61 This is always a directory and should be as long as possible.
62 This is used by `lib.fileset.toSource` to check that all files are under the `root` argument
63
64- `_internalBaseRoot` (path):
65 The filesystem root of `_internalBase`, same as `(lib.path.splitRoot _internalBase).root`.
66 This is here because this needs to be computed anyway, and this computation shouldn't be duplicated.
67
68- `_internalBaseComponents` (list of strings):
69 The path components of `_internalBase`, same as `lib.path.subpath.components (lib.path.splitRoot _internalBase).subpath`.
70 This is here because this needs to be computed anyway, and this computation shouldn't be duplicated.
71
72- `_internalTree` ([filesetTree](#filesettree)):
73 A tree representation of all included files under `_internalBase`.
74
75- `__noEval` (error):
76 An error indicating that directly evaluating file sets is not supported.
77
78## `filesetTree`
79
80One of the following:
81
82- `{ <name> = filesetTree; }`:
83 A directory with a nested `filesetTree` value for directory entries.
84 Entries not included may either be omitted or set to `null`, as necessary to improve efficiency or laziness.
85
86- `"directory"`:
87 A directory with all its files included recursively, allowing early cutoff for some operations.
88 This specific string is chosen to be compatible with `builtins.readDir` for a simpler implementation.
89
90- `"regular"`, `"symlink"`, `"unknown"` or any other non-`"directory"` string:
91 A nested file with its file type.
92 These specific strings are chosen to be compatible with `builtins.readDir` for a simpler implementation.
93 Distinguishing between different file types is not strictly necessary for the functionality this library,
94 but it does allow nicer printing of file sets.
95
96- `null`:
97 A file or directory that is excluded from the tree.
98 It may still exist on the file system.
99
100## API design decisions
101
102This section justifies API design decisions.
103
104### Internal structure
105
106The representation of the file set data type is internal and can be changed over time.
107
108Arguments:
109- (+) The point of this library is to provide high-level functions, users don't need to be concerned with how it's implemented
110- (+) It allows adjustments to the representation, which is especially useful in the early days of the library.
111- (+) It still allows the representation to be stabilized later if necessary and if it has proven itself
112
113### Influence tracking
114
115File set operations internally track the top-most directory that could influence the exact contents of a file set.
116Specifically, `toSource` requires that the given `fileset` is completely determined by files within the directory specified by the `root` argument.

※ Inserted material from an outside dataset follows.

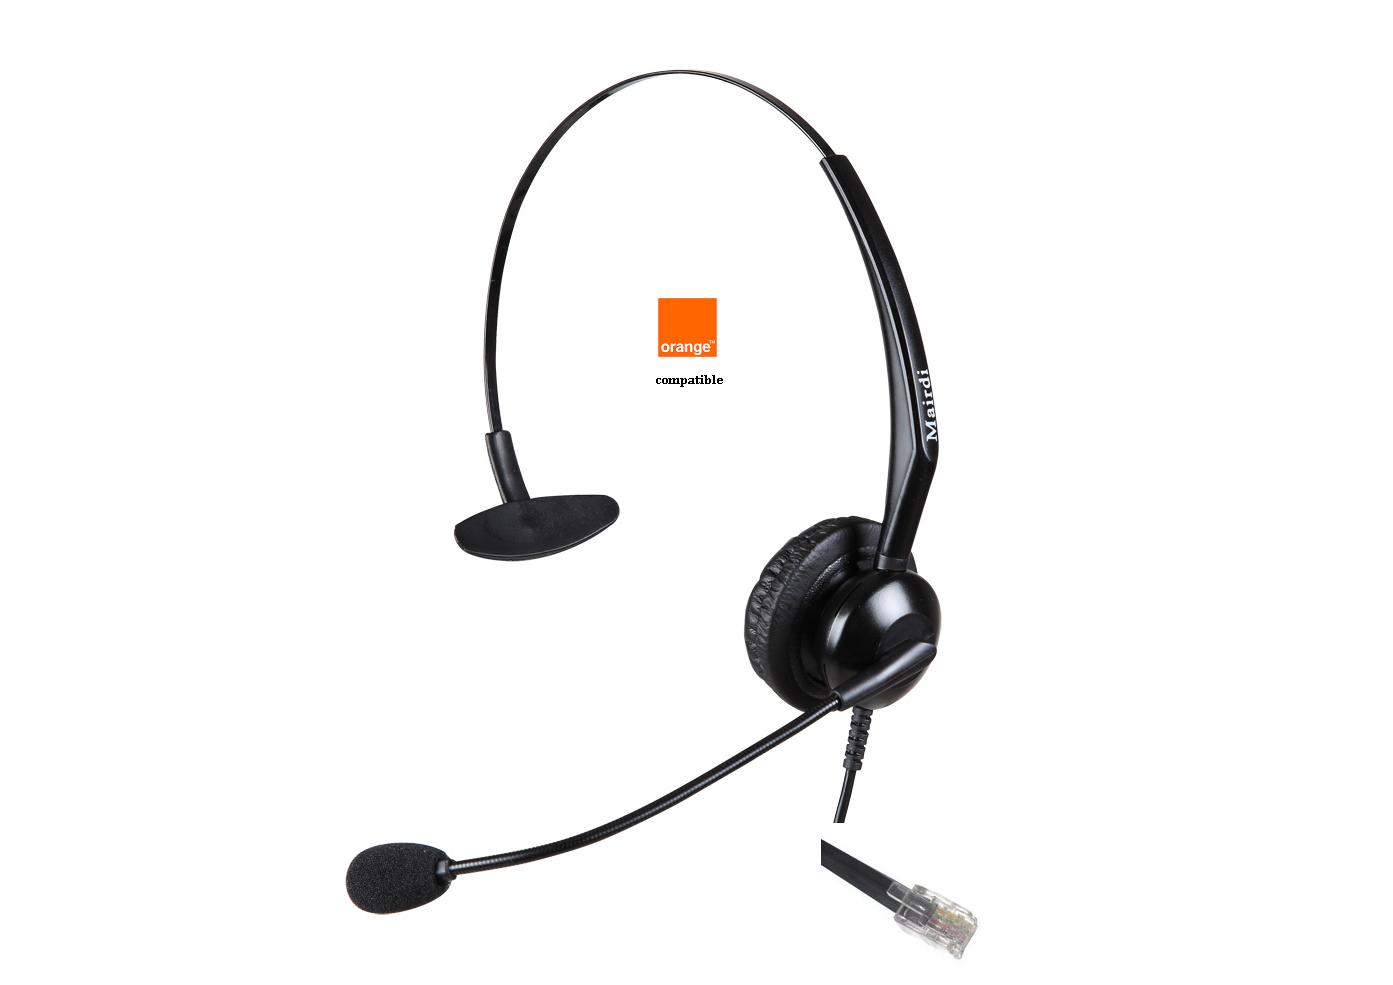 -Cascos Específicos para Telefonos GSM Orange serie 500/700/700

117For example, even with `dir/file.txt` being the only file in `./.`, `toSource { root = ./dir; fileset = ./.; }` gives an error.
118This is because `fileset` may as well be the result of filtering `./.` in a way that excludes `dir`.
119
120Arguments:
121- (+) This gives us the guarantee that adding new files to a project never breaks a file set expression.
122 This is also true in a lesser form for removed files:
123 only removing files explicitly referenced by paths can break a file set expression.
124- (+) This can be removed later, if we discover it's too restrictive
125- (-) It leads to errors when a sensible result could sometimes be returned, such as in the above example.
126
127### Empty file set without a base
128
129There is a special representation for an empty file set without a base path.
130This is used for return values that should be empty but when there's no base path that would makes sense.
131
132Arguments:
133- Alternative: This could also be represented using `_internalBase = /.` and `_internalTree = null`.
134 - (+) Removes the need for a special representation.
135 - (-) Due to [influence tracking](#influence-tracking),
136 `union empty ./.` would have `/.` as the base path,
137 which would then prevent `toSource { root = ./.; fileset = union empty ./.; }` from working,
138 which is not as one would expect.
139 - (-) With the assumption that there can be multiple filesystem roots (as established with the [path library](../path/README.md)),
140 this would have to cause an error with `union empty pathWithAnotherFilesystemRoot`,
141 which is not as one would expect.
142- Alternative: Do not have such a value and error when it would be needed as a return value
143 - (+) Removes the need for a special representation.
144 - (-) Leaves us with no identity element for `union` and no reasonable return value for `unions []`.
145 From a set theory perspective, which has a well-known notion of empty sets, this is unintuitive.
146
147### No intersection for lists
148
149While there is `intersection a b`, there is no function `intersections [ a b c ]`.
150
151Arguments:
152- (+) There is no known use case for such a function, it can be added later if a use case arises
153- (+) There is no suitable return value for `intersections [ ]`, see also "Nullary intersections" [here](https://en.wikipedia.org/w/index.php?title=List_of_set_identities_and_relations&oldid=1177174035#Definitions)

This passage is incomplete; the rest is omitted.